Aansprakelijkheidspuzzel

Als voorbeeld noemt Arjan het uitgroeien van schimmels tijdens de bewaring. “Het product komt bijvoorbeeld vaak direct van het veld en kan daarom allerlei schimmels bevatten. Dat maakt een product niet gebrekkig. Als het netjes wordt gekoeld, komen die schimmels niet tot ontwikkeling. Als daar een fout mee wordt gemaakt, kunnen de schimmels welig tieren. Over de oorzaak en onderlinge verantwoordelijkheden, kan vervolgens discussie ontstaan. Is de schade het gevolg van de bewaring of van de startkwaliteit van het product? Dat is vaak een hele puzzel.”

Om vast te kunnen stellen of een bepaald kwaliteitsverlies het gevolg is van ondeugdelijke bewaring of van slechte startkwaliteit, kan de rechter de bewijslast leggen bij de bewaargever van de AGF-producten, laat Arjan weten.

Voorwaarden

Maar ook als alles door beide partijen wel goed is vastgelegd, kan dat niet altijd een gang naar de rechter voorkomen, geeft Vincent aan. Zoals in het geval van geïmporteerde blauwe bessen, die bij een professioneel koelbedrijf in een vriescel werden bewaard. Toen de koeling het begaf, liep de temperatuur van de bevroren blauwe bessen op en werd de afgesproken -18˚C niet meer gehaald. Het leverde kwaliteitsverlies van de blauwe bessen op.

In de voorwaarden bij het afgesloten contract had het koelbedrijf aansprakelijkheid voor dergelijke calamiteiten uitgesloten. Vincent geeft aan dat de rechter toch aansprakelijkheid aannam.

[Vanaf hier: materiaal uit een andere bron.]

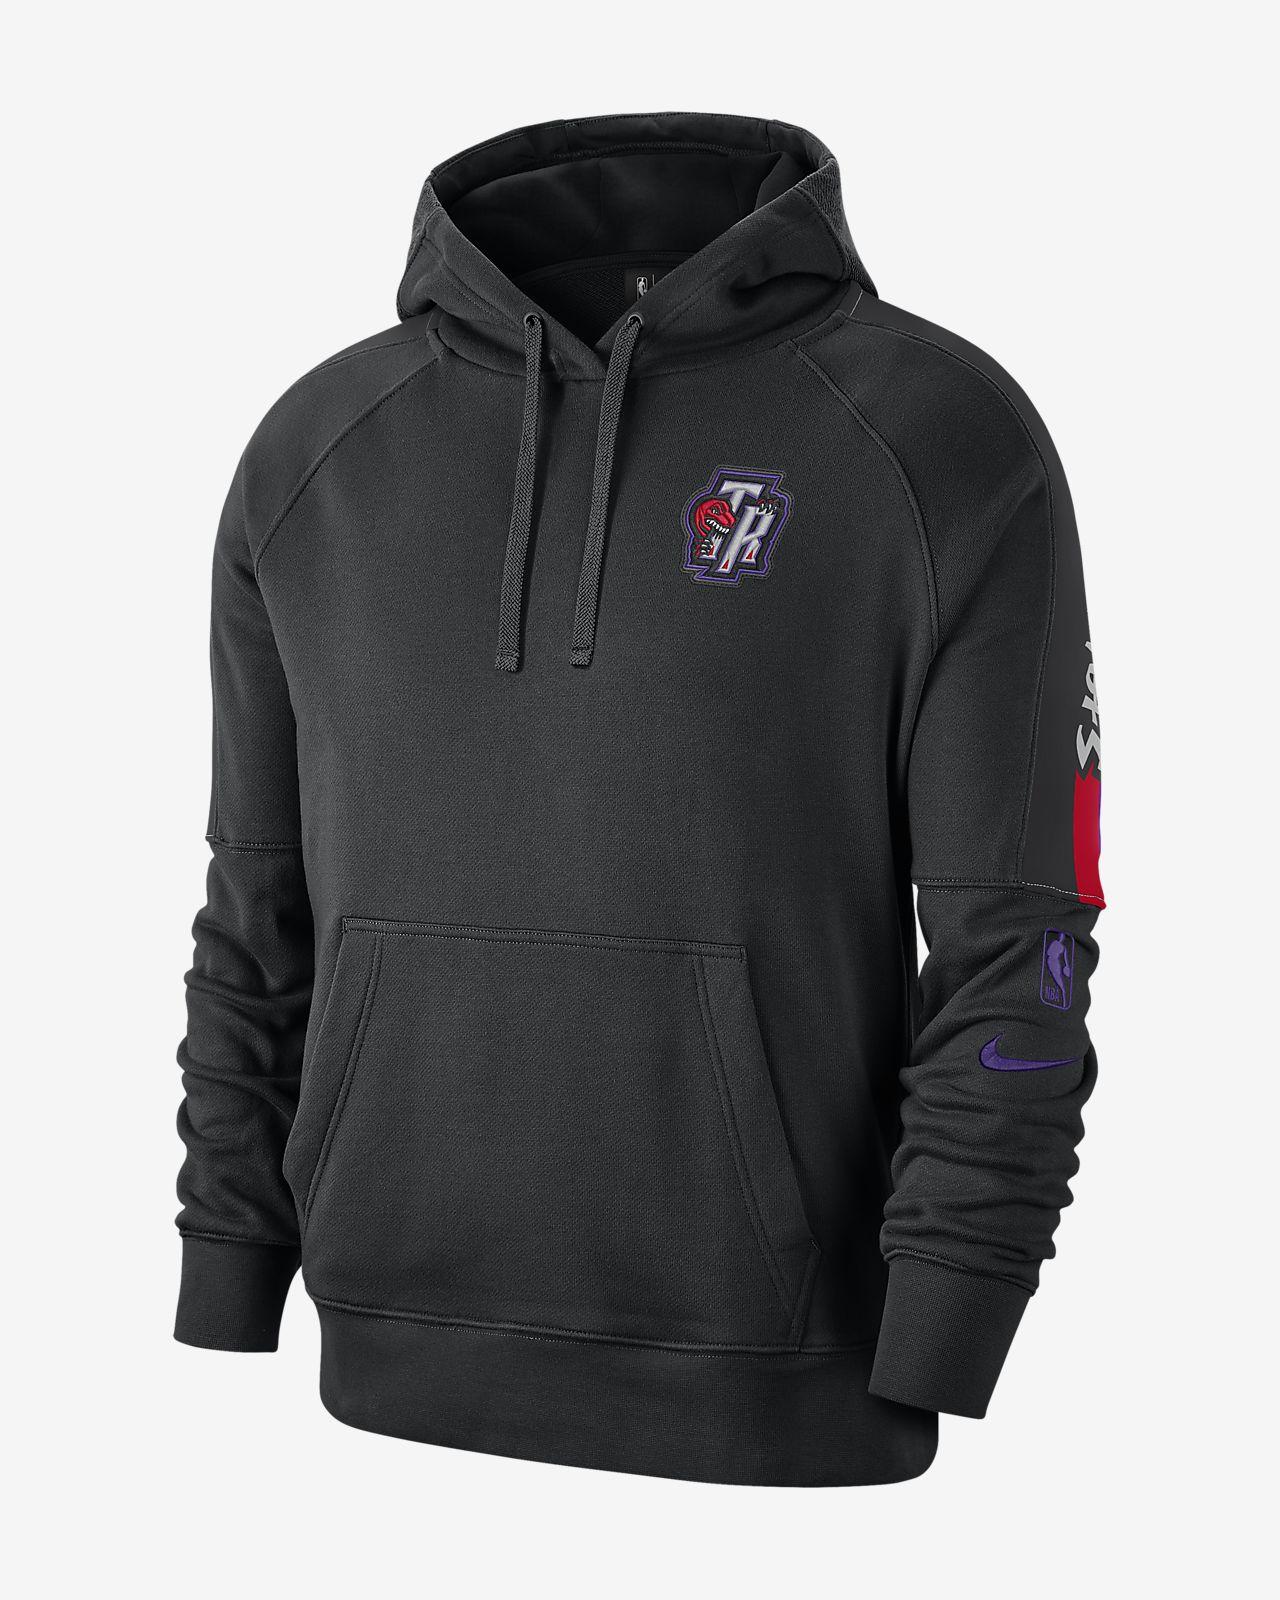 Raptors Courtside Classic Edition Nike NBA-hoodie voor heren

Die vond dat de monitoring van de vriesinstallatie en de genomen acties bij het uitvallen ervan, onder meer door personeelsgebrek en achterstallig onderhoud, te wensen overlieten.

Uitweg

Daardoor had de bewaarnemer niet aan zijn zorgplicht voldaan, merkt Vincent op. “De bewaarnemer heeft de plicht om de koelinstallatie in een goede staat te houden. Als er dan alarmerende berichten zijn in de aanloop naar het incident en daar wordt telkens niet of niet adequaat op gereageerd, kan de bewaarnemer niet zeggen dat hij niet aansprakelijk is, ook al is dat in de voorwaarden opgenomen. Naar maatstaven van redelijkheid en billijkheid was in dit geval een beroep op de exoneratie in de voorwaarden onaanvaardbaar.” Het betekende dat de bewaargever tot onbeperkte schadevergoeding verplicht is.

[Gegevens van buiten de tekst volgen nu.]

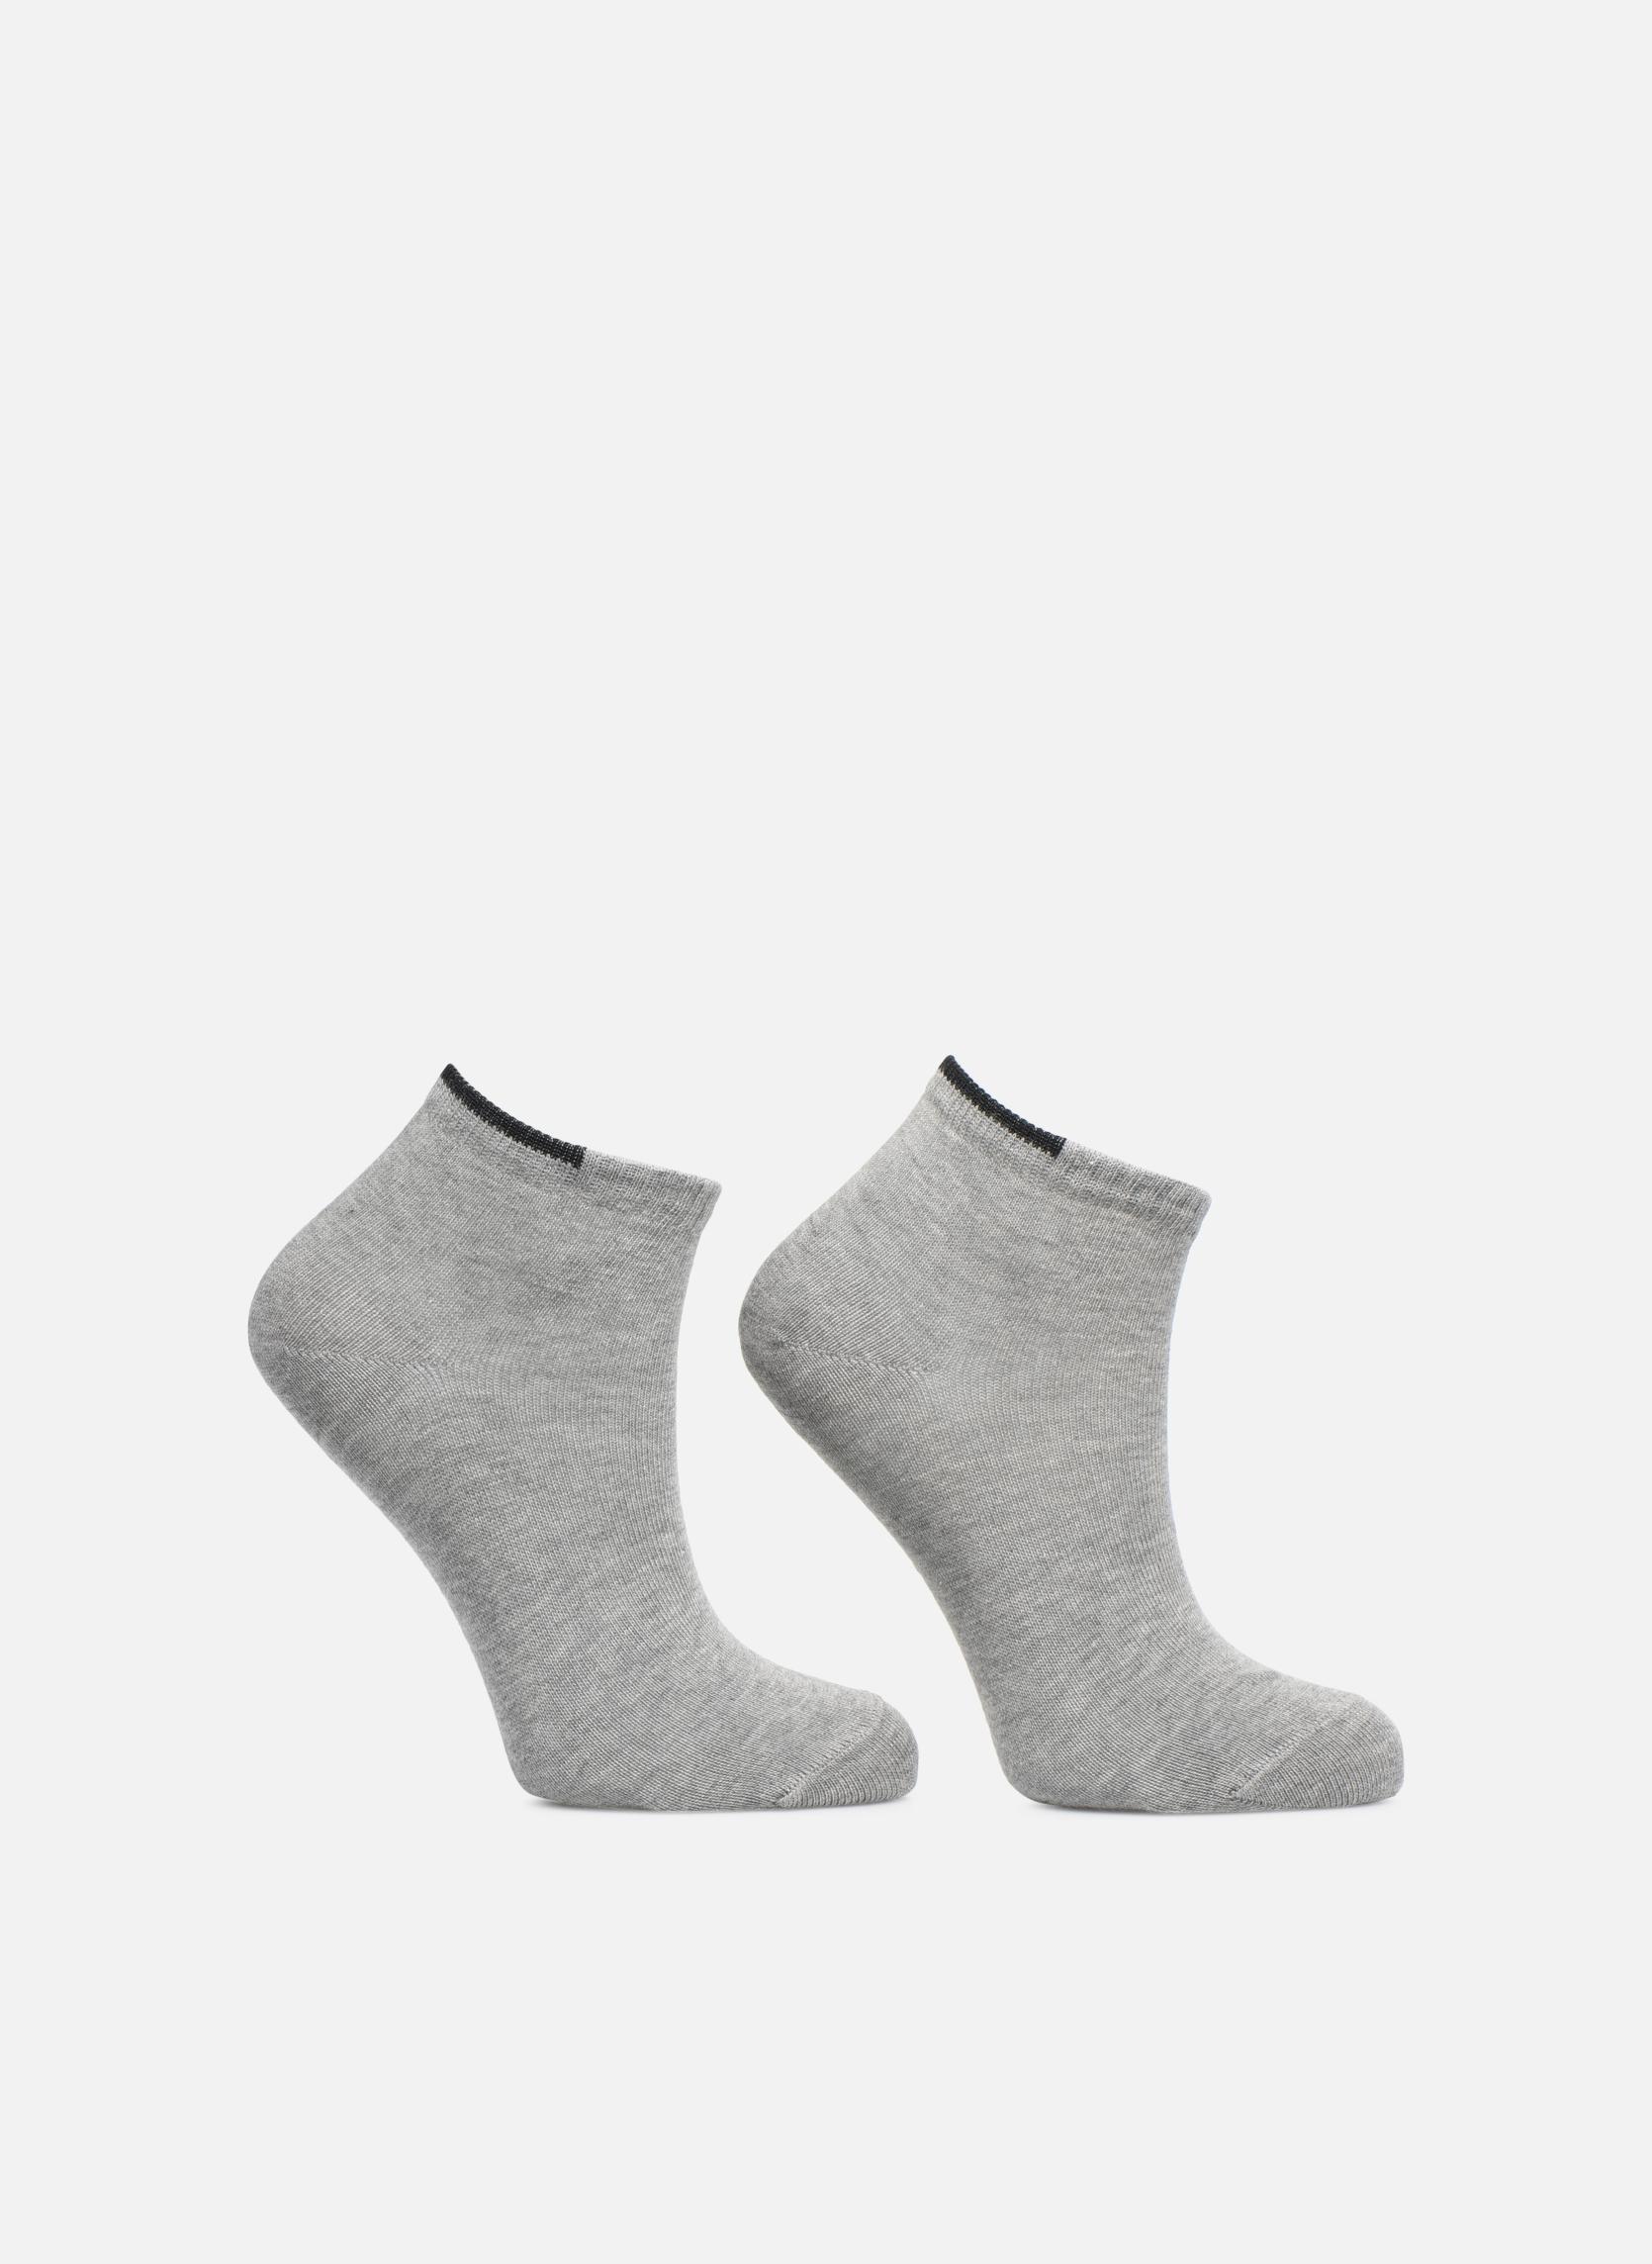 Falke Mini-socquettes Enfant Coton Pack de 2 Friends SN

Vincent geeft aan dat dit voorbeeld aantoont, dat als de omstandigheden daartoe aanleiding geven, het recht uitwegen biedt uit contractuele afspraken. “Als de situatie nijpend genoeg is en de omstandigheden zijn dusdanig dat het een onredelijk resultaat zou opleveren als de exoneratie in stand zou worden gehouden, kan een rechter besluiten om het contract niet te honoreren.”